Jerry Welsh defines ambush marketing as “competitive assaults on ill-conceived and poorly implemented sponsorships” (Welsh n.d.). Here the element of sponsoring appears again. In relation to this definition, ambush marketing is the exploitation of promotion possibilities at events that an official sponsor does not use. Here it becomes clear that ambush marketing is not parasitic, as it is simply the result of competition. For example, there is the case of Adidas vs. Nike at the Olympic games 2008 in Beijing. Adidas made an investment of millions to become an Olympic partner. The sponsorship and trademark regulations were supposed to protect sponsors from ambush marketing. Unfortunately for Adidas, single people cannot be forced to agree to a contract with companies sponsoring the event. Nike secured sponsorships of some of the most visible athletes. That way Nike is not directly associated with the Olympic event but with its participants (Adidas’ Challenge: Sprinting Ahead in China 2008). This example shows that in ambush marketing it is about searching for idle marketing opportunities to have lower expenses than the event’s official sponsor. Combined this logical new definition results:

Ambush marketing is an unconventional managerial process that exploits the competitor’s negligence and capturing surprisingly marketing opportunities in an unconventional way to obtain brand awareness as a basis for profit in the early stages of the company.

Not only does this relate to sponsorship, but every promotional action of a competitor can be challenged. Further, while ambush marketing is associated with firms in the introduction of the product life cycle, this is not a true reflection of its use. I.e. it is also used by multi-national companies to achieve shock value. Only because a tactic like ambush marketing is the optimal tool for the early stages of companies does not mean it is not suitable for multi-national corporations as well.

To explain the legitimacy of ambush marketing Jerry Welsh gave the following example: “When you own and license Kermit you have only given the rights you own to one specific frog – not to all frogs, and maybe not even to all green ones“ (Welsh 2007, p.2).

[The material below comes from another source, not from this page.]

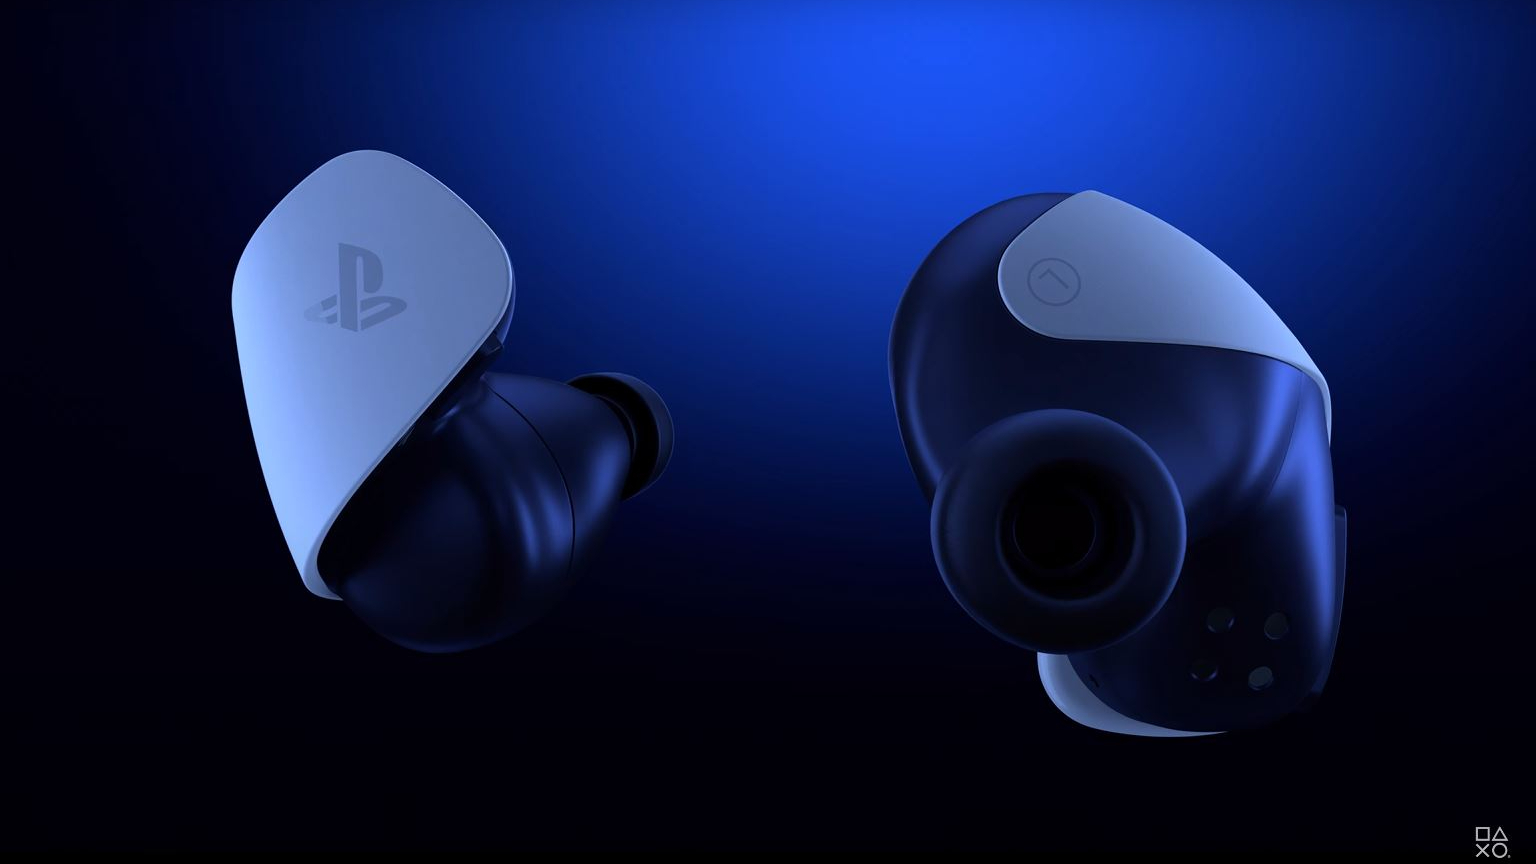 Sony's PS5 Showcase: How to watch, pricing and launch date expected - CNET

2.3.2 Tactics of Ambush Marketing

The general definition of ambush marketing is “a company's intentional efforts to weaken – or ambush – its competitor's ‘official’ sponsorship. It does this by engaging in promotions and advertising that trade off the event or property's goodwill and reputation, and that seek to confuse the buying public as to which company really holds official sponsor rights“ (McKelvey 1994, p.20). Meenaghan further defines it as “the practice whereby another company, often a competitor, intrudes upon public attention surrounding the event, thereby deflecting attention to themselves and away from the sponsor” (Meenaghan 1994, p.79, 1996, p.106 and 1998, p.309).

These definitions fail short of the potential ambush marketing bears. Furthermore, it is not parasitic as often claimed, it rather exploits the insufficient usage of marketing possibilities of the competitor. To get a broader understanding of possible applications of ambush marketing the analysis of the terms gives a more precise definition. Ambush is defined as “a surprise attack from a concealed position on a moving or temporarily halted target” (U.S. Department of Defence 2000, p.78).

Ambushes are classified by category, type and formation. These characteristics are used in combination. By category the ambush can be either hasty or deliberate. By type it can be a point or area ambush. Classification by formation is not sensible from a marketing perspective. “A unit conducts a hasty ambush when it makes visual contact with an enemy force and has time to establish an ambush without being detected. […] A deliberate ambush is conducted against a specific target at a predetermined location. […] In a point ambush, soldiers deploy to attack an enemy in a single kill zone. […] In an area ambush, soldiers deploy in two or more related point ambushes” (U.S. Department of Defence 2000, p.79).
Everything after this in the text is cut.